Refer to Exhibit 12-9. This pair of graphs demonstrates the chain of events for a lawn care firm, beginning with an increase in the market demand for lawn care services. Which of the following statements is incorrect? a. This particular firm increases its production of lawn care services in response to an increase in the price of lawn care services. b. The overall quantity of lawn care services increases in the industry. c. The equilibrium price of lawn care services is initially P0, then increases to P1 because of the increase in demand, and eventually decreases to P0 once again when the market supply of output increases as a result of new firms entering the industry. d. The diagrams depict an increasing cost industry.

d

Refer to Exhibit 13-6. In perfect competition, deadweight loss is area: a. a b. a + b + c c. a + b + c + d + e d. zero

d

Which of the following is generally true of monopoly? a. Price exceeds marginal cost. b.

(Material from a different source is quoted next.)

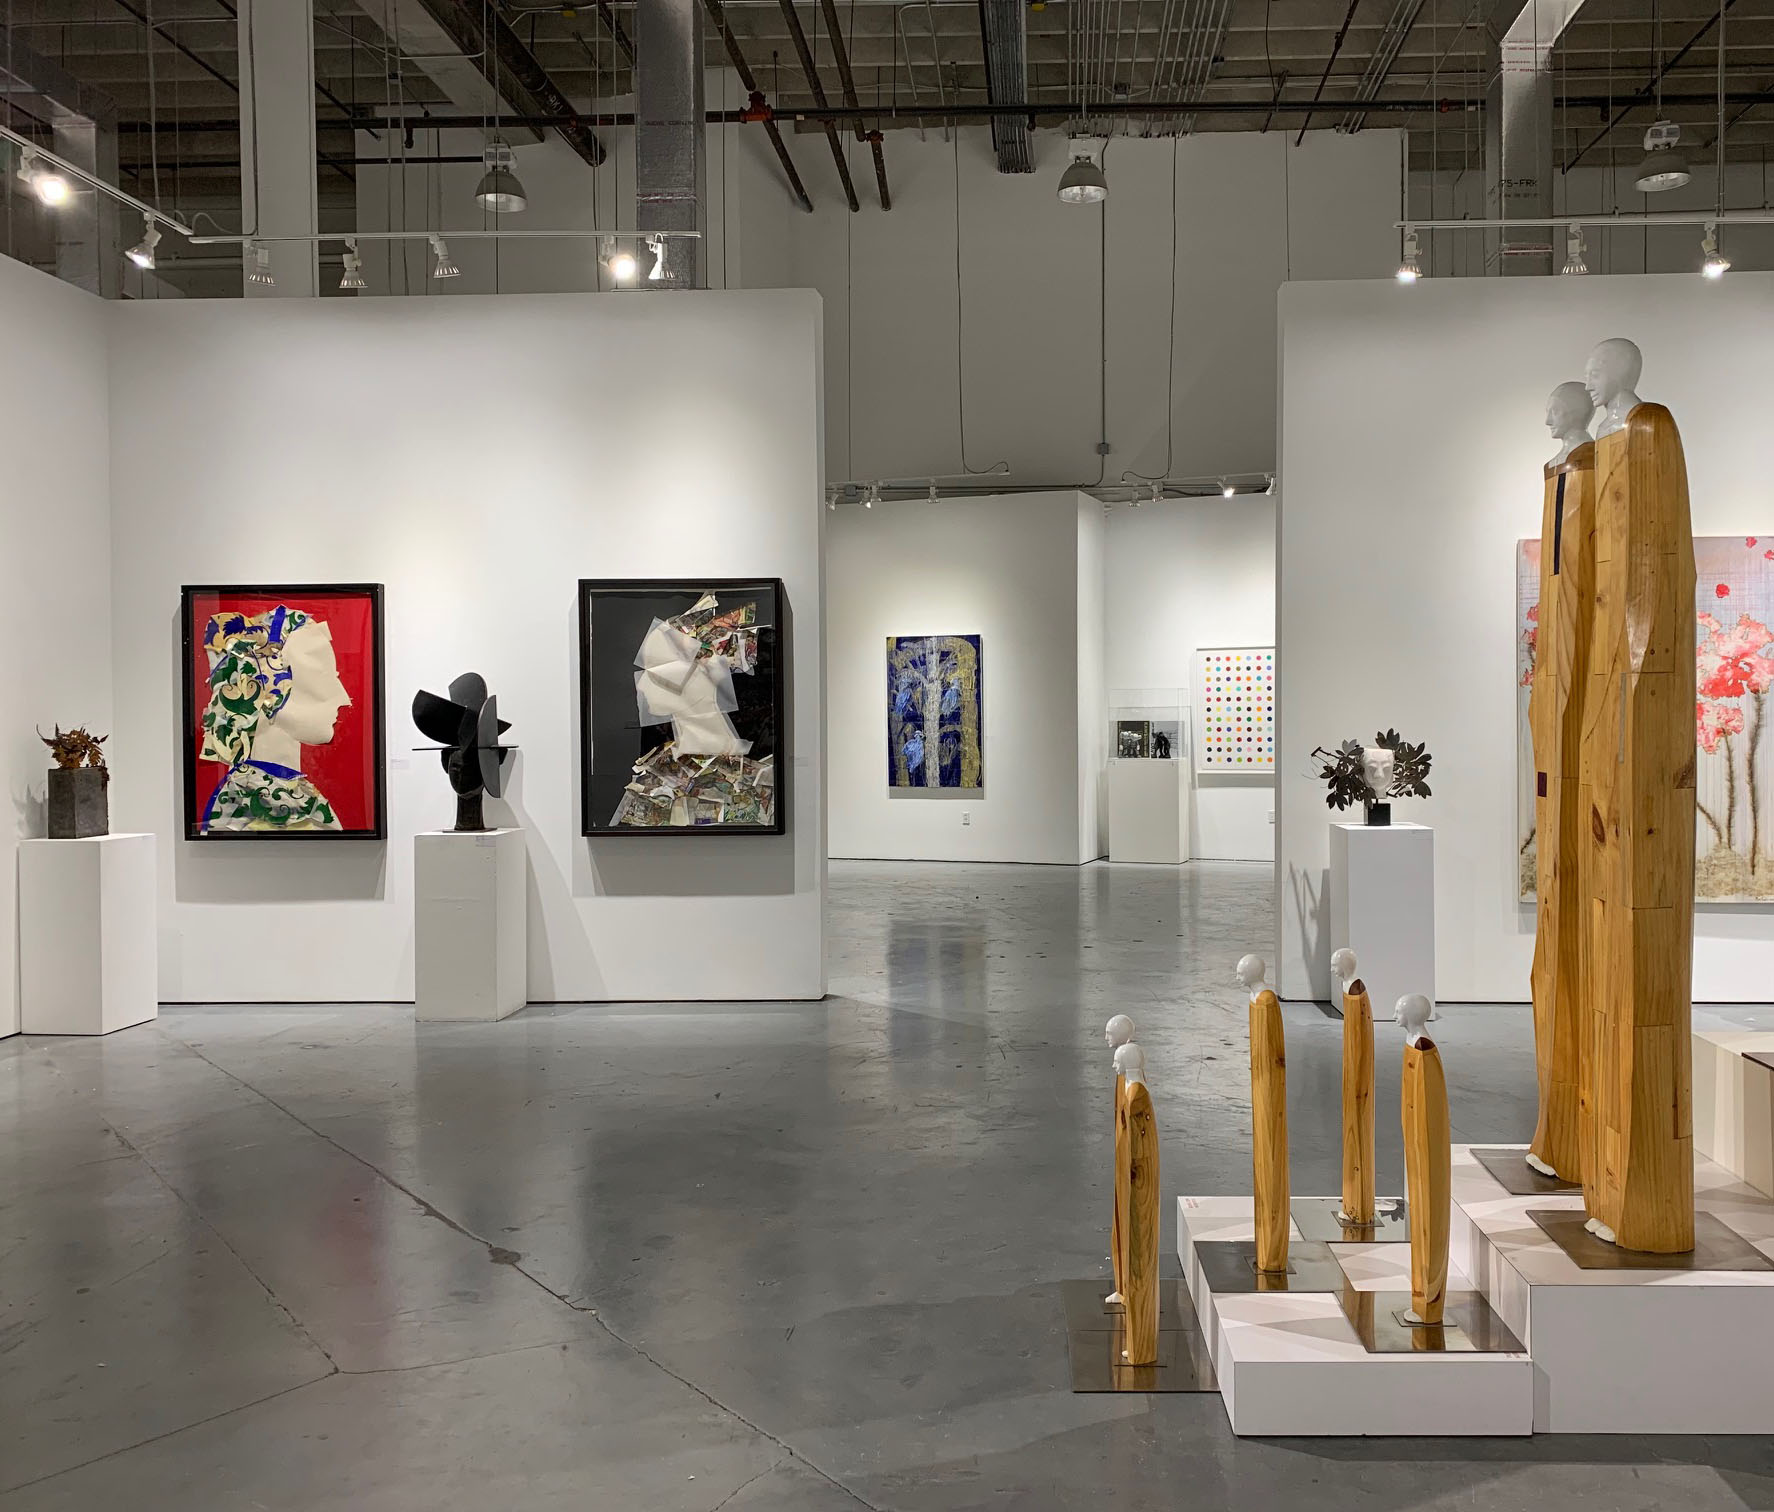 Overview of Summer Selections exhibition at Rosenbaum Contemporary. Includes work by Manolo Valdés, Hunt Slonem, Oriano Galloni, KAWS, Damien Hirst and Mira Lehr.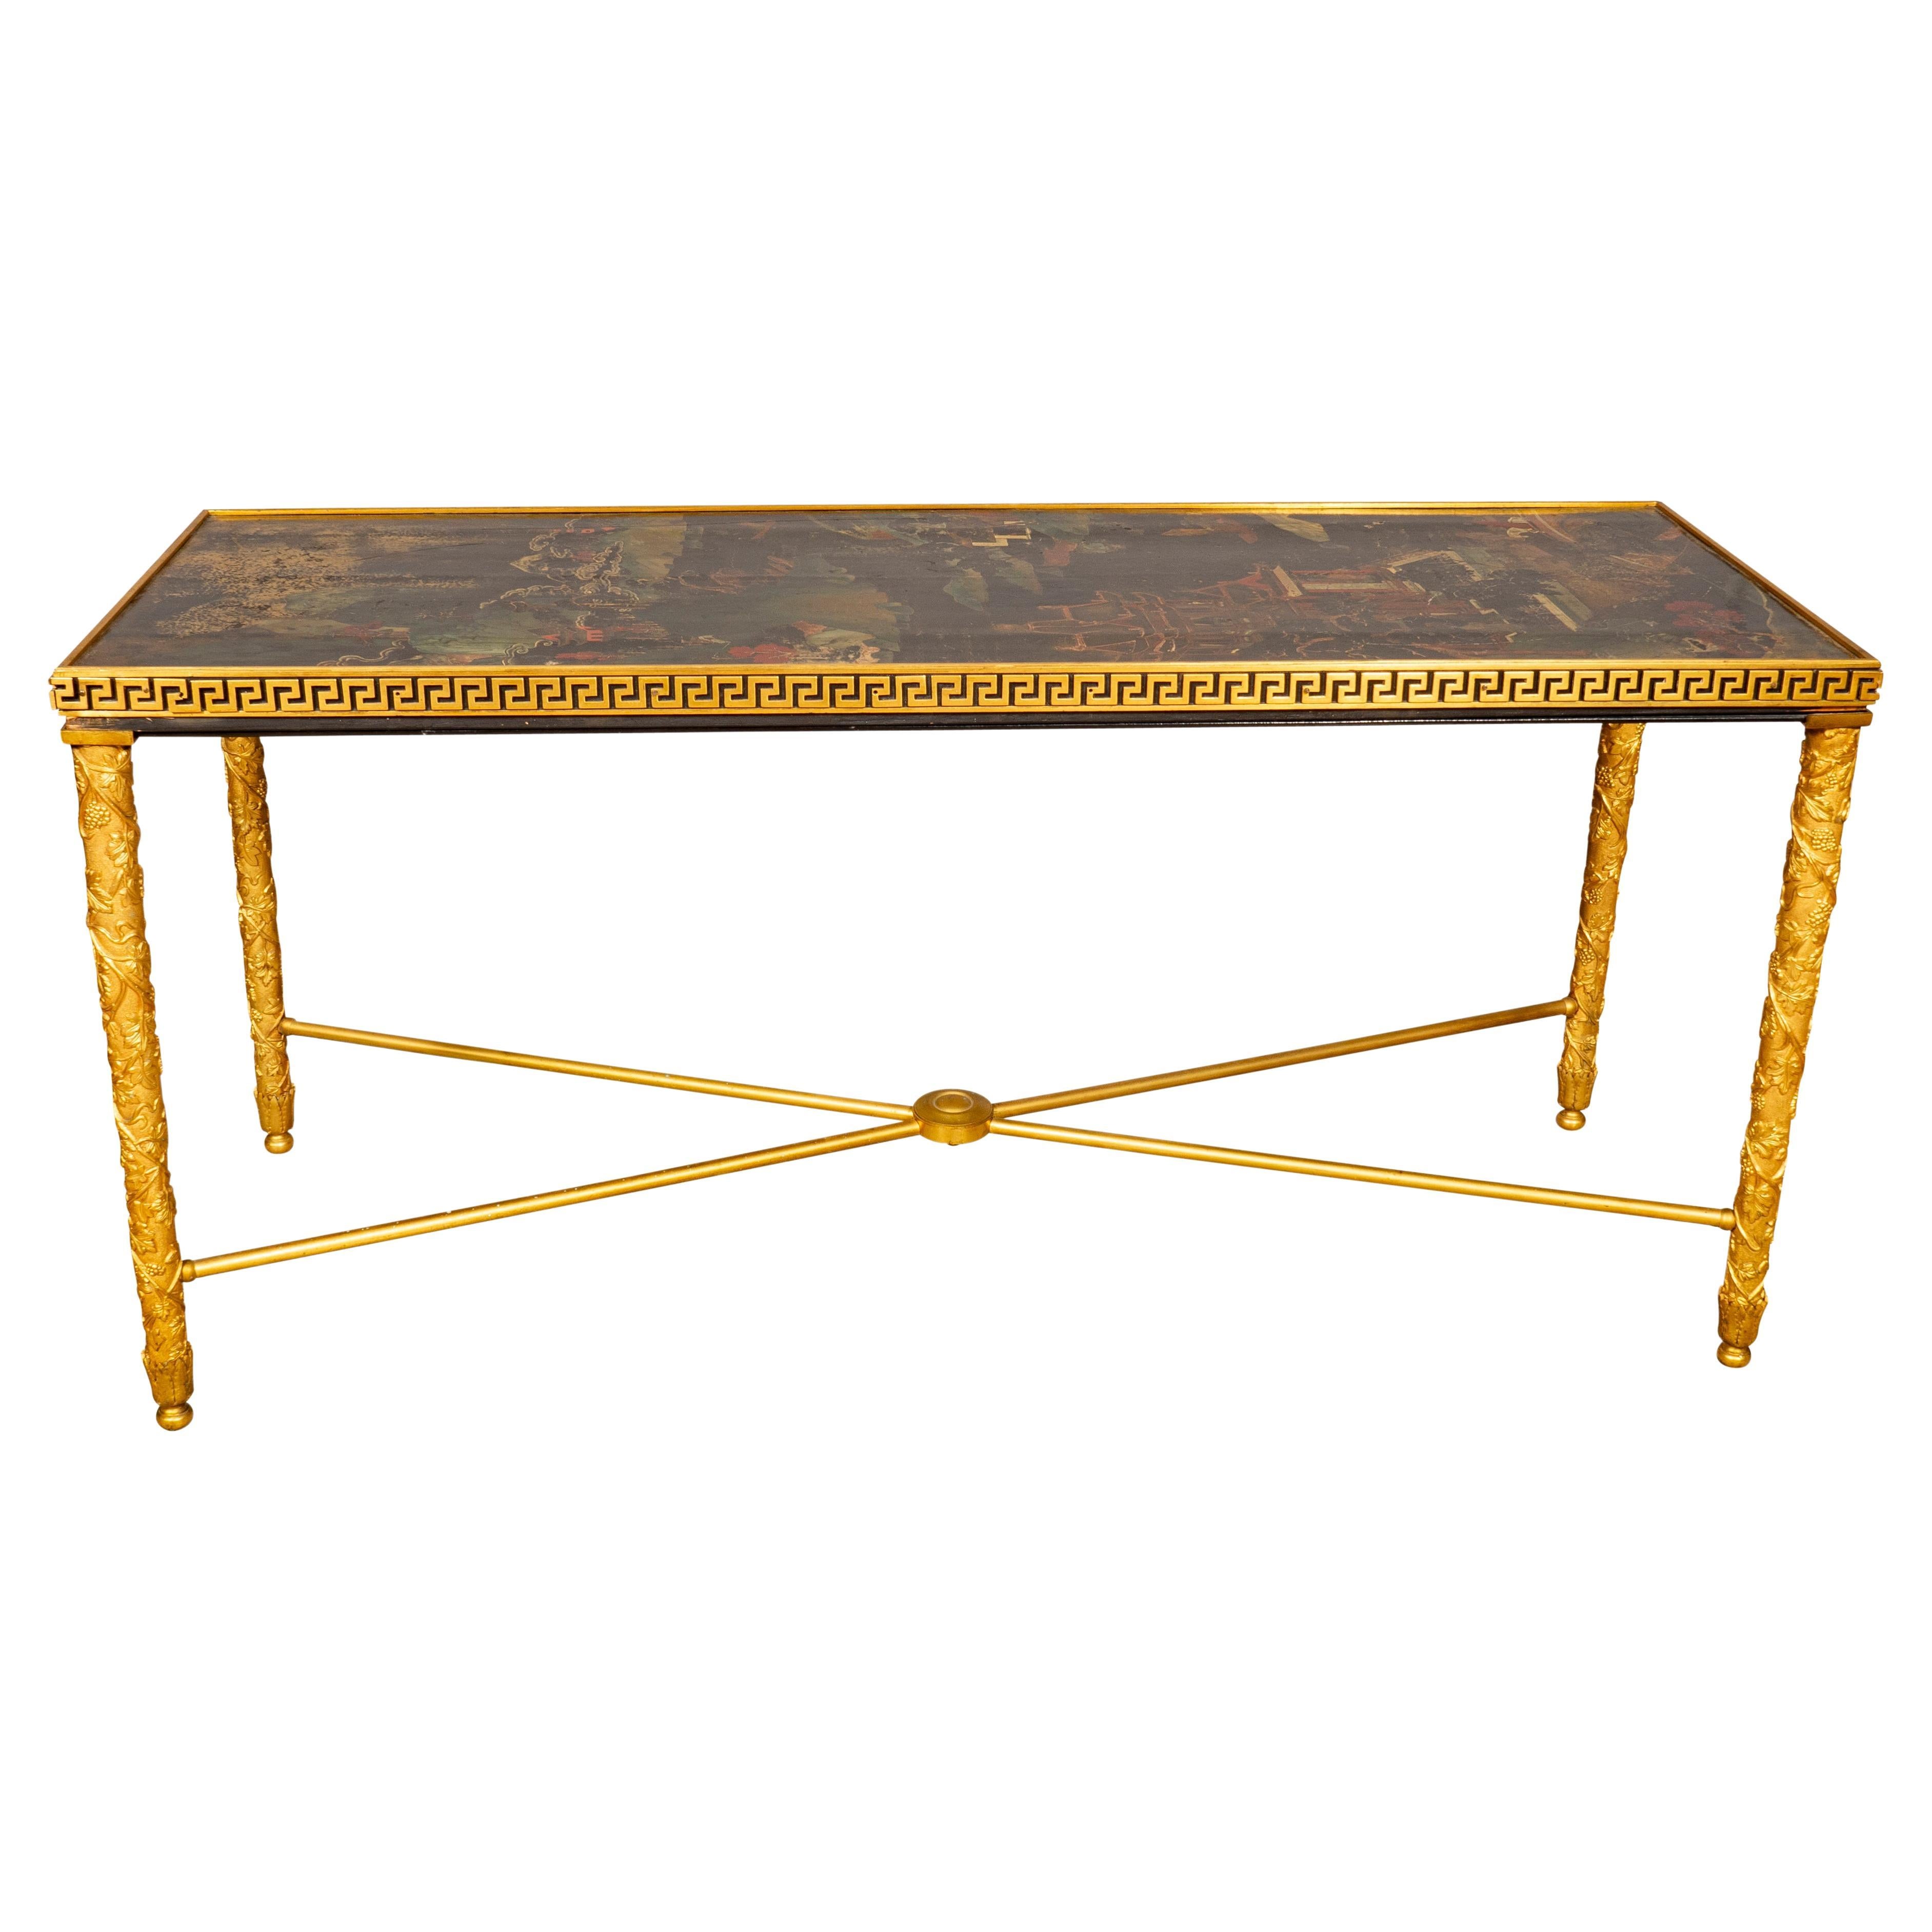 Maison Jansen Bronze and Lacquer Coffee Table

Marginal revenue is less than price. c. Output is restricted relative to the socially efficient level. d. All of the above are generally true of monopoly.

d

Which of the following is most likely to be a price taker? a. a respected heart surgeon b. an ice cream shop owner located in Atlanta, Georgia c. a beachside tourist resort d. a Kansas wheat farmer

d

Which of the following is true? a. Monopolists, monopolistically competitive firms and perfectly competitive firms all earn positive economic profits in the long run. b. Monopolists, monopolistically competitive firms and perfectly competitive firms all earn zero economic profits in the long run. c. Only monopolists and monopolistically competitive firms, but not perfectly competitive firms, can earn positive economic profits in the long run. d. Monopolists, monopolistically competitive firms and perfectly competitive firms can potentially all earn positive economic profits in the short run.